The current income tax code is too complex, too intrusive, and a burden upon American citizens and businesses. Moreover, the Internal Revenue Service has abused its powers and terrorized taxpayers as evidenced by recent testimony before Congress. During the past few legislative sessions, Congress has moved in a positive direction by reforming the Internal Revenue Service, but drastic action is still necessary.

The issue of taxation can be a sleepy one for the American public, but it's an issue that conservative political leaders must continue to push because taxation goes to the very heart of the public debate over the size and role of government. Government at the national, state, or local level has no power without tax revenue. Revenue is the very source of government power. Consequently, if revenue is restrained, government is restrained.

Most families are working harder than they ever did today just to be able to pay their taxes. Every other wage earner works to pay the government. And the government just takes the money while you're struggling to raise your kids, or care for an elderly parent, or buy a house, or work yourself through college, or start a business. Taxes do more than impose a burden, as Chief Justice John Marshall said "the power to tax involves the power to destroy."

President Bush's tax cuts need to be made permanent. During the course of the presidential campaign, Bush made it clear that the tax cut was going to be fair to the American people. Republicans, in general, never subscribed to the Washington talk about targeted tax cuts. Republicans felt that a targeted tax cut meant people in Washington got to decide who won and who didn't win; that simply isn't the best tax policy -- the best tax relief policy was to say, if you pay taxes, you get relief, everybody who pays taxes in America deserves a tax cut.

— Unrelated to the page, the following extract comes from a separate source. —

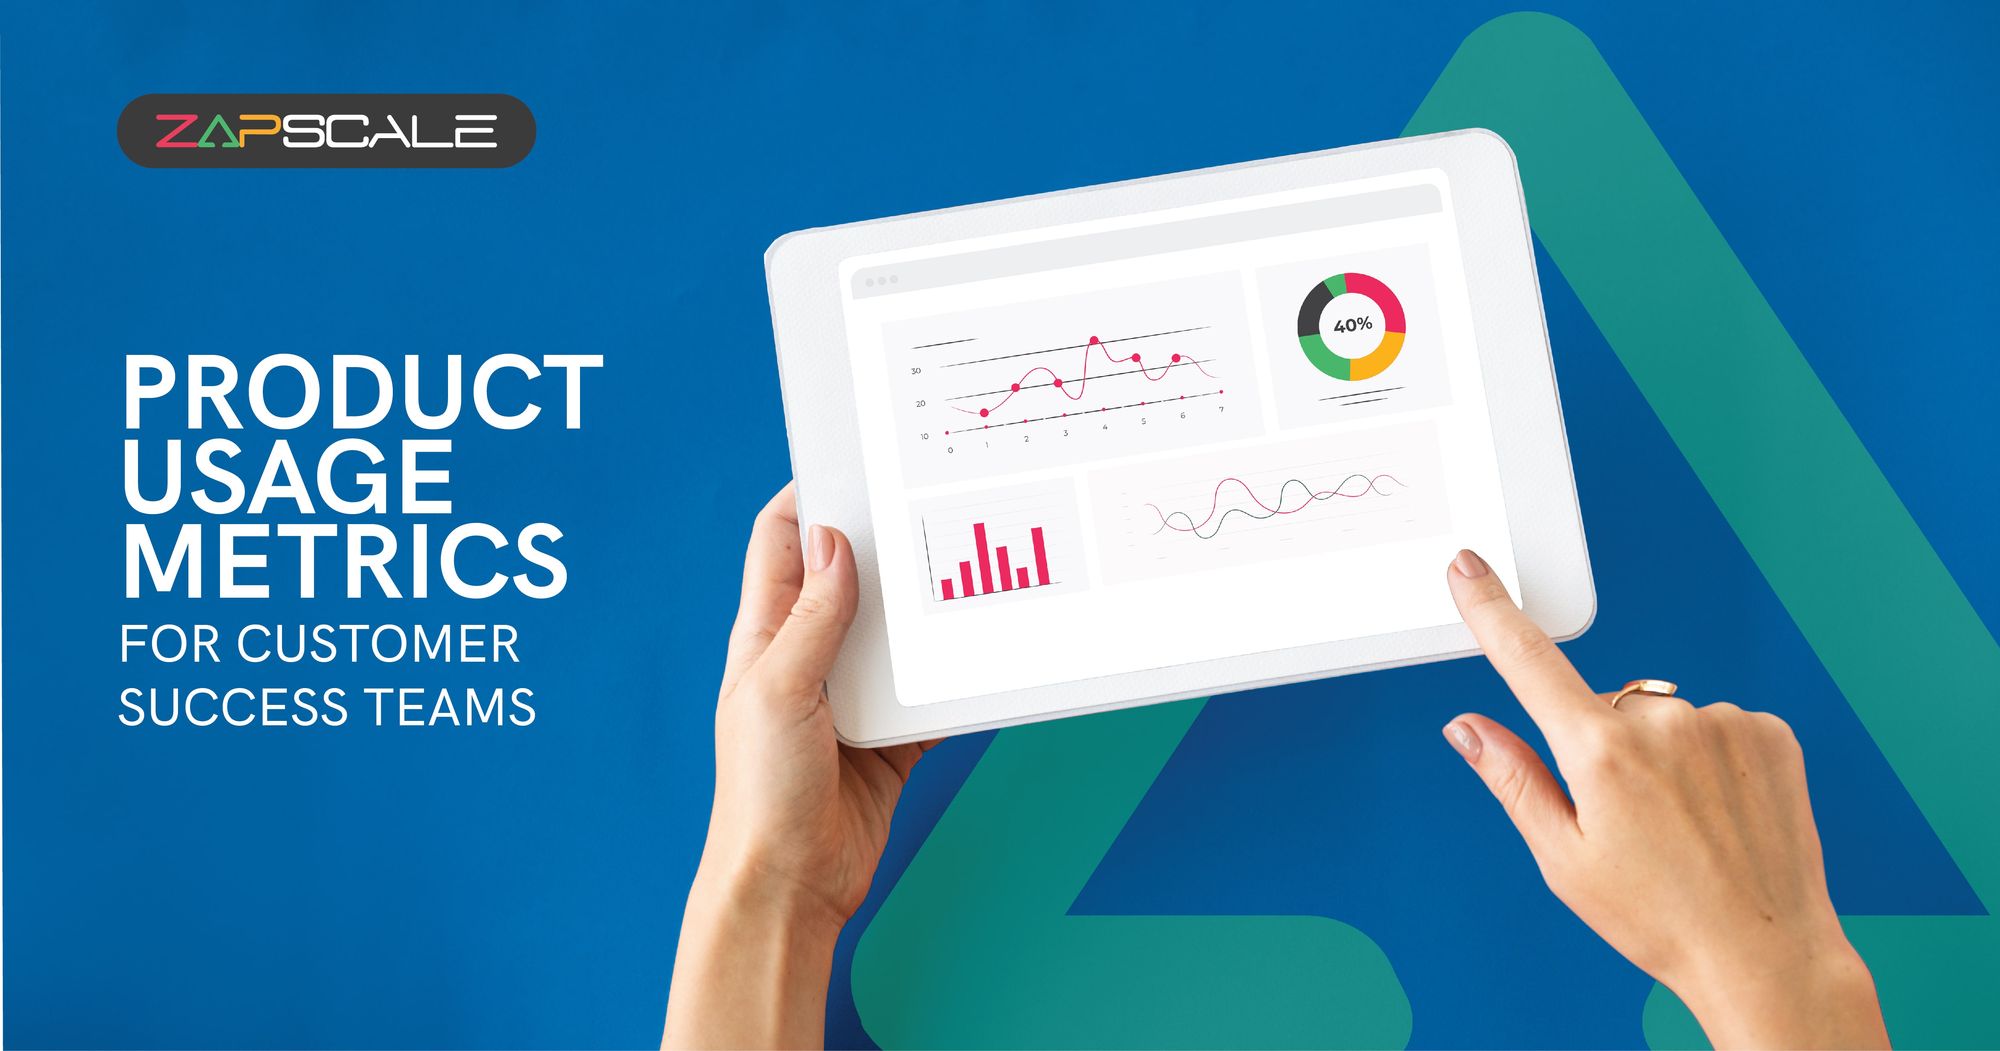 Top 5 Product Usage Metrics For Your Customer Success Team

So, under the President's plan, all rates will be cut. Everybody who pays taxes is going to get not only tax relief this year, but tax relief in the coming years. During the course of his reelection campaign, the president also said how unfair the marriage penalty was. The marriage penalty is unfair, and President Bush, through this tax bill, has eased the penalty of marriage in the tax code coming down the road. Small business owners, farmers, and ranchers, are demanding that their assets not be taxed twice. The death tax is unfair. Under the bill the president signed into law, the death tax in the American tax code was finally eliminated.

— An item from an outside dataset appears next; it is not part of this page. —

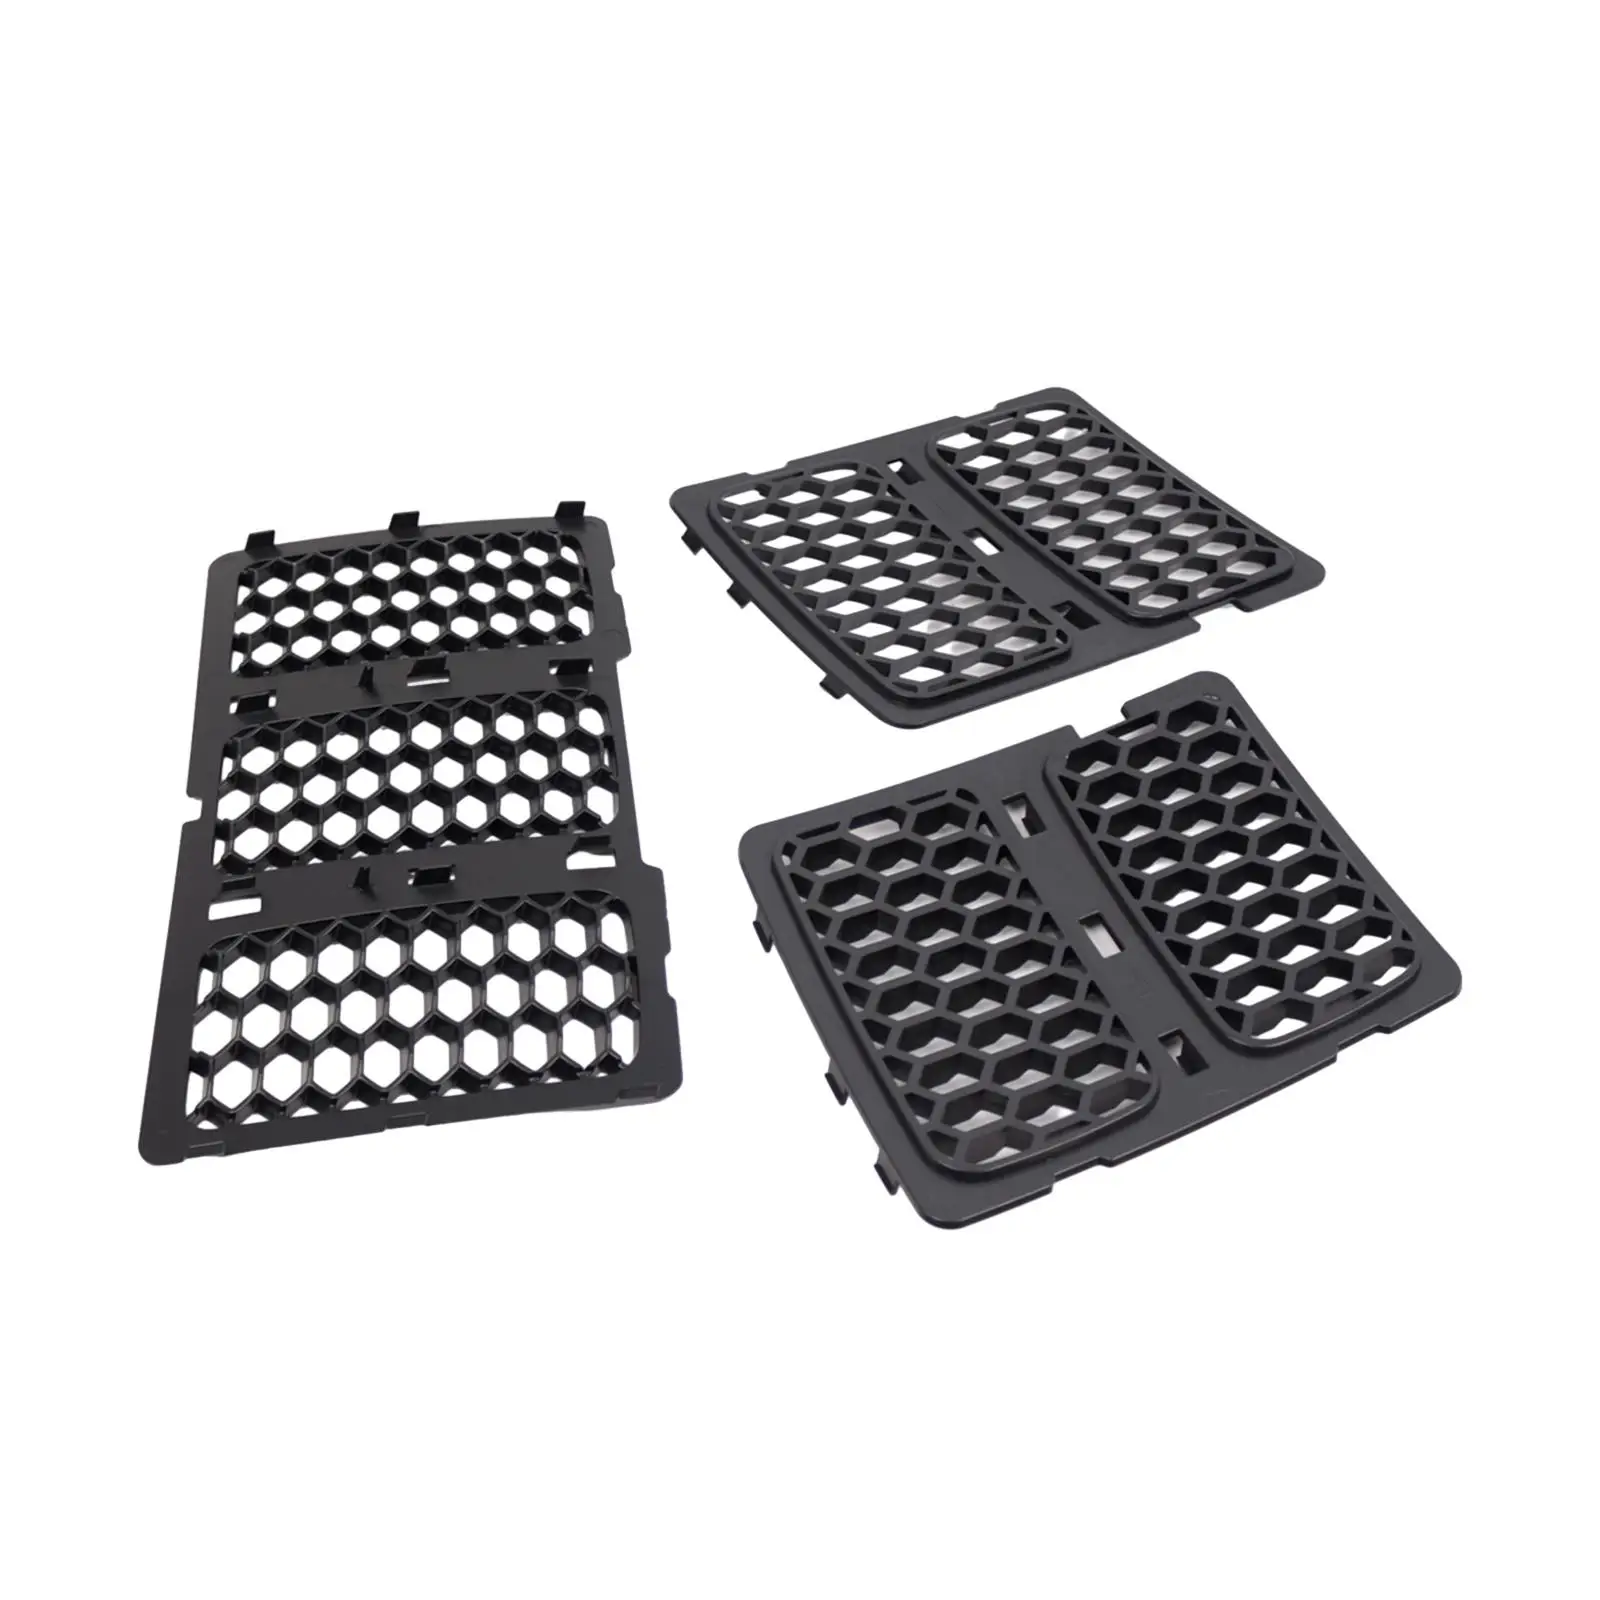 3x Honeycomb Grille Inserts Mesh Grill Durable for Jeep Grand Cherokee

Continued tax relief is the right thing to do. Once the president's budget met basic needs, with a reasonable growth in the budget, instead of increasing the size of your federal government, what we decided to do was to put faith in the American people. The country is better off if its citizens decide how to spend the money.
It's a fundamental difference of opinion between conservatives and liberals. For the liberals who voted against tax relief, they basically said to the American people, we can spend your money better than you can.
Those who benefit from the current tax code - namely tax attorneys and accountants - spend thousands of dollars lobbying members of Congress to maintain the status quo. It's a shame that such specialists are required to make sense out of an arcane and complicated system.

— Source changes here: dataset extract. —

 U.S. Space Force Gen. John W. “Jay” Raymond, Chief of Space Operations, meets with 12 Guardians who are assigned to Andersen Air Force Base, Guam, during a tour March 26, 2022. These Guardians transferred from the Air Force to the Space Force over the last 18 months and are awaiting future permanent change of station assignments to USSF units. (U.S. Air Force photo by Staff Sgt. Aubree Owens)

The time has come to not only scrap the income tax but to also abolish the Internal Revenue Service, which itself costs tax-payers billions of dollars each year just to collect revenue.

A national sales tax has 3 distinct advantages over the current system:

1. Simplicity - Collection would take place at the point-of-sale.

2. Enforcement - Tax fraud would be virtually eliminated.

3. Control - Citizens would be paid their actual salaries by employers and then would decide what to do with the money.